Análisis

El azúcar esclaviza

La noticia de que miles de mujeres de la India se han extipardo el útero para conservar sus puestos de trabajo en las plantaciones de caña de azúcar ha tenido una importante repercusión. Reproducimos un fragmento del libro 'Amarga dulzura. Una historia sobre el origen del azúcar', publicado por Carro de combate, que repasa las condiciones laborales de esta industria en varios países.

Filipinas, el antiguo cañaveral de Estados Unidos

En el Sudeste asiático la caña de azúcar ha estado tradicionalmente ligada a la cultura local.

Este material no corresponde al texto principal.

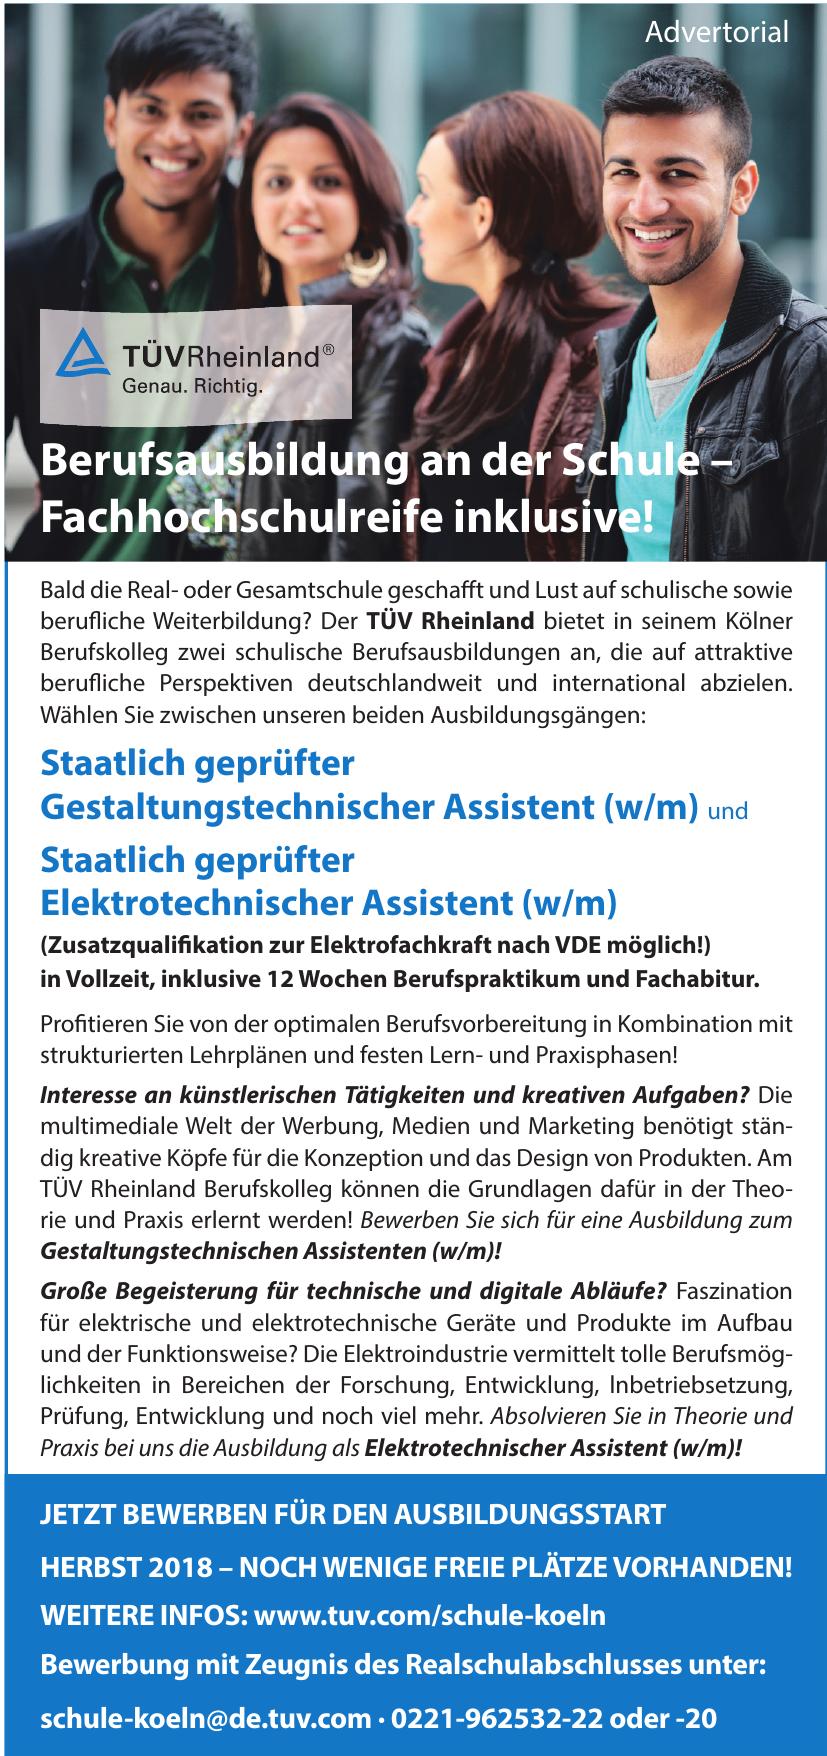 TÜV Rheinland - Kölner Berufskolleg

Aún hoy, en la mayor parte de los países que forman la región se pueden ver carritos paseando y ofreciendo el jugo recién exprimido o a los niños masticando los gruesos tallos. Sin embargo, hasta el siglo XX, la caña de azúcar apenas se refinaba y la industria no era importante; el azúcar se consumía en las casas, crudo y oloroso. Ya conocimos el caso de Camboya, donde esta tendencia ha llegado mucho más tarde, mientras que en Tailandia, veremos más tarde, las grandes plantaciones se extenderían en la segunda mitad del siglo XX. Filipinas, sin embargo, la sufrió mucho antes.

Se cree que la caña llegó a Filipinas hace miles de años desde las islas del Pacífico, aunque algunos apuntan a que fueron los comerciantes árabes quienes la introducirían. En cualquier caso, cuando los nuevos colonos españoles llegaron al archipiélago en el siglo XVI, se encontraron con el “paraíso” que no habían tenido en América; la caña ya crecía allí, no hacían falta esfuerzos para plantarla y adaptarla. Pero fue el incremento en el consumo de azúcar en Estados Unidos durante el siglo XX lo que impulsó la industria en las islas. El embargo sobre Cuba en los años 60 supuso el último empujón a una industria de la que se benefició directamente la dictadura de Ferdinand Marcos después de nacionalizarla. Tras la caída de Marcos, el sector se liberalizó en un momento en el que otras dos grandes potencias de la región construían sus propias industrias: Tailandia y Australia.

Eso no benefició a los trabajadores de las plantaciones de Filipinas, que tuvieron que competir con otros cortadores (o máquinas, en el caso de Australia) que parecían más eficientes que ellos. Su vida, en realidad, ha cambiado poco desde la época colonial. “Los trabajadores del azúcar de hoy son los bisnietos de los trabajadores del azúcar del pasado. Viven sin poseer nada propio, ni siquiera sus vidas, solo las deudas que heredaron de sus antepasados” escribe Cynthia A. Deduro de la Coalición Internacional de Trabajadores Agrícolas. En Filipinas, como en tantos otros países colonizados, el modelo de la hacienda sigue perviviendo. La tierra está así concentrada en las manos de unas pocas familias para las que trabajan unos 500.000 jornaleros.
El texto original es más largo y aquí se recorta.